I partner intendono perseguire l’obiettivo previsto attraverso una serie di azioni trasversali:

  • Sinergia istituzionale e cooperazione transfrontaliera: il progetto prevede lo sviluppo di un modulo formativo specifico dedicato ai responsabili degli enti locali, pensato per armonizzare le procedure di comunicazione oltre confine. Attraverso incontri tecnici e momenti di scambio diretto, i sindaci e i funzionari dei due Paesi potranno confrontare le rispettive normative e le esperienze maturate sul campo. Questo processo di apprendimento reciproco mira a costruire una sinergia operativa che permetta agli operatori del soccorso e alle autorità di collaborare in modo più fluido e coordinato durante eventi critici che interessano entrambi i territori;
  • Educazione e coinvolgimento delle giovani generazioni: l’integrazione della realtà immersiva e del metaverso nei percorsi educativi permette di simulare scenari di rischio in modo sicuro ma emotivamente impattante, facilitando l’apprendimento delle norme di autoprotezione. Parallelamente, il geoportale transfrontaliero verrà profondamente rinnovato: l’interfaccia sarà adattata a misura di cittadino, diventando uno strumento quotidiano per esplorare la fragilità del proprio territorio;
  • Resilienza diffusa per cittadini, imprese e turisti: il terzo asse d’intervento punta a rendere la sicurezza una responsabilità condivisa da chi vive e lavora sul territorio, con un’attenzione particolare al settore turistico. Seguendo le linee guida del Documento Strategico di Comunicazione, verranno organizzati incontri formativi itineranti e prodotti materiali informativi su misura, capaci di parlare a target diversi (dagli anziani ai turisti stranieri) e di adattarsi ai rischi specifici di ogni area, come valanghe o esondazioni. Un ruolo chiave sarà affidato agli operatori turistici – guide alpine, maestri di sci e albergatori – che verranno formati come primi referenti per la sicurezza dei visitatori, promuovendo comportamenti corretti e consapevoli in entrambi i versanti.
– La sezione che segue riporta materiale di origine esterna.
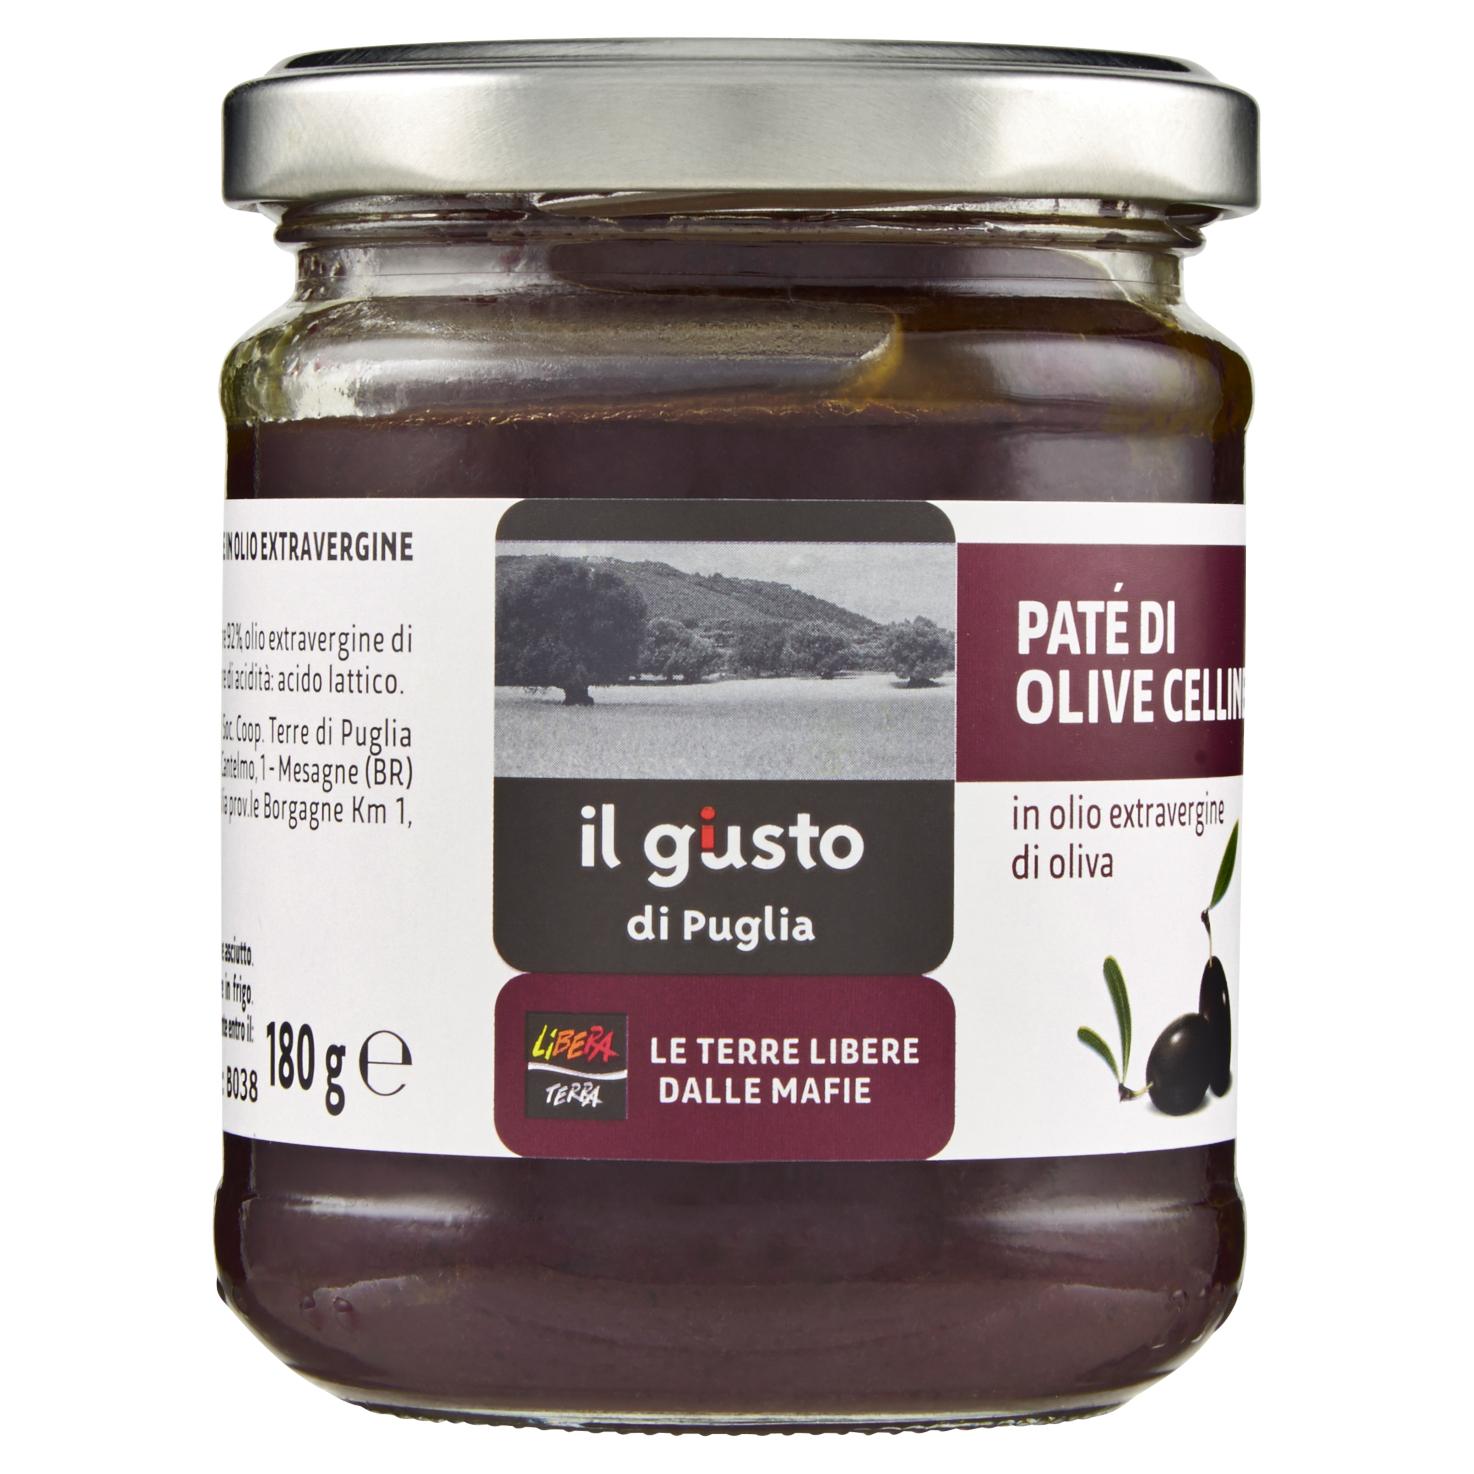 Paté Di Olive Celline 180g
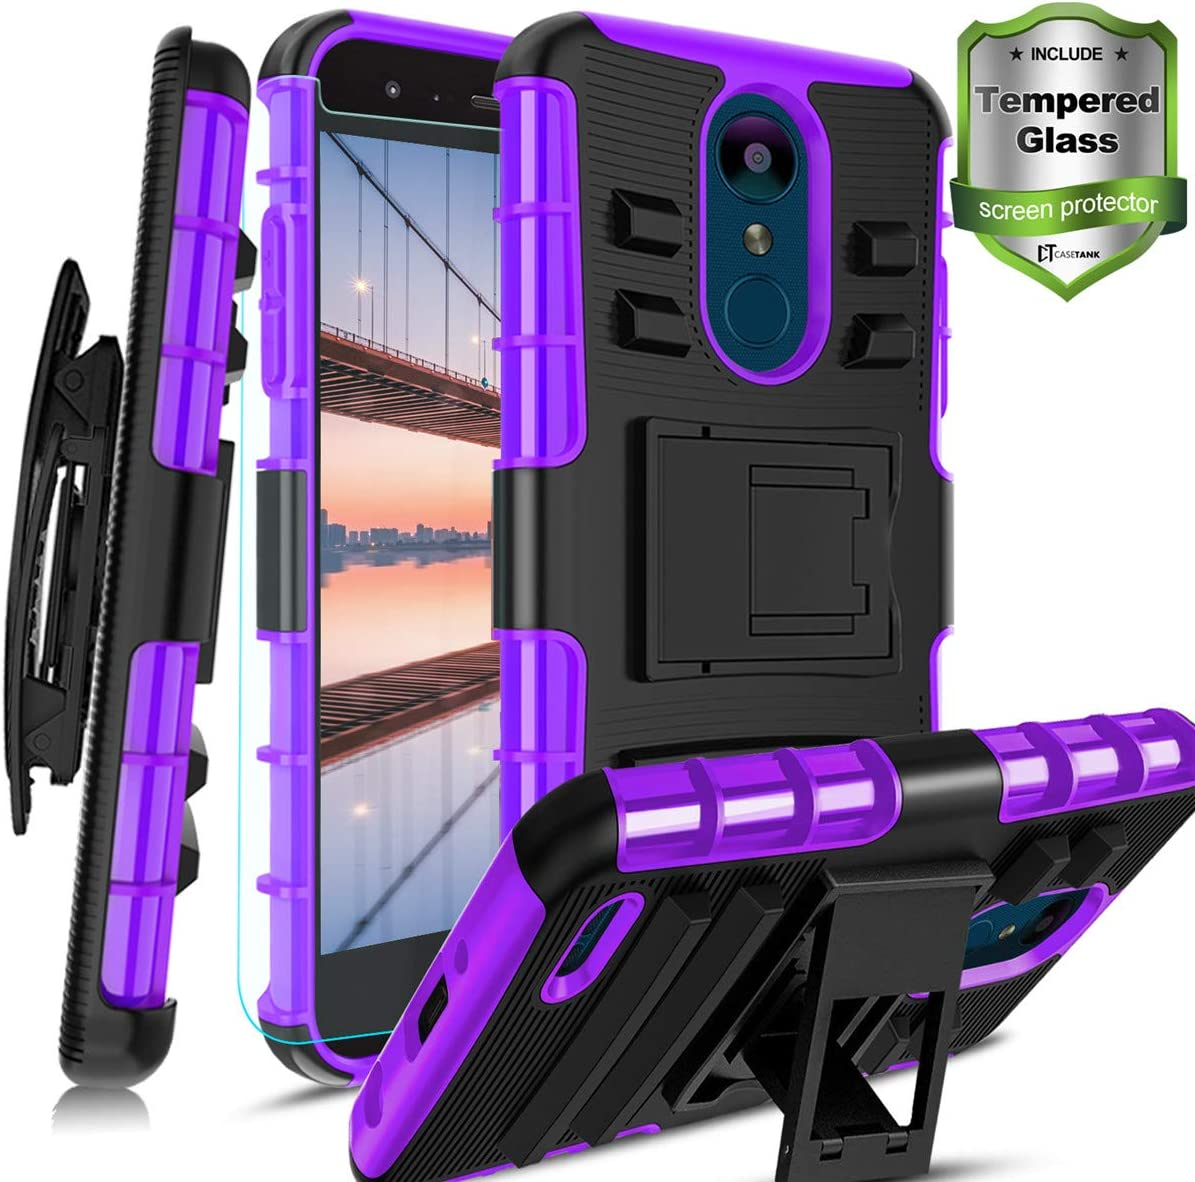 LG Aristo 2/LG Rebel 4 Case/Aristo 2 Plus/Phoenix 4/Zone 4/K8(2018)/Fortune 2/Risio 3/Tribute Dynasty/K8+/Rebel 4 LTE W [Tempered Glass Screen Protector] Built-in Kickstand Belt Clip Holster, Purple

I risultati attesi che si intendono raggiungere sono i seguenti:

  • Evoluzione della governance e della comunicazione istituzionale transfrontaliera: il progetto mira a superare le barriere amministrative tra Italia e Francia attraverso una comprensione profonda delle reciproche differenze normative, mappate inizialmente nei focus group. Il risultato principale sarà la creazione di un linguaggio comune e di moduli formativi testati, capaci di trasformare i referenti degli enti locali in comunicatori esperti. Grazie a questi strumenti, sindaci e tecnici saranno in grado di gestire le emergenze (dai temporali autorigeneranti alle valanghe) con una coerenza d’azione senza precedenti, garantendo che le informazioni fornite ai cittadini siano chiare, tempestive e coordinate su entrambi i versanti della frontiera;
  • Crescita della consapevolezza e dell’impegno civico nelle giovani generazioni: l’integrazione di tecnologie come la realtà immersiva e il metaverso punta a generare un impatto emotivo duraturo, trasformando la prevenzione in esperienza vissuta. Ci si aspetta che gli studenti, attraverso gli atelier transfrontalieri e il nuovo geoportale, acquisiscano una padronanza dei comportamenti di autoprotezione. Un esito fondamentale sarà l’aumento concreto delle adesioni al volontario di Protezione Civile e tra i Sapeurs-Pompiers, assicurando un ricambio generazionale fondamentale per la gestione delle future sfide climatiche;
  • Potenziamento della resilienza diffusa per la popolazione e i turisti: Il risultato finale è la creazione di una cittadinanza (residente e temporanea) informata e capace di reagire correttamente di fronte al pericolo. Attraverso incontri sul territorio e materiali informativi personalizzati per livello socio-culturale e tipologia di rischio, si punta ad una riduzione drastica dei comportamenti a rischio. L’utilizzo di strumenti digitali avanzati permetterà ai cittadini ed ai turisti di percepire la fragilità del territorio non come una minaccia astratta, ma come un elemento da conoscere e rispettare, portando ad una gestione del territorio più sicura e ad una sensibile diminuzione della perdita di vite umane durante gli eventi estremi.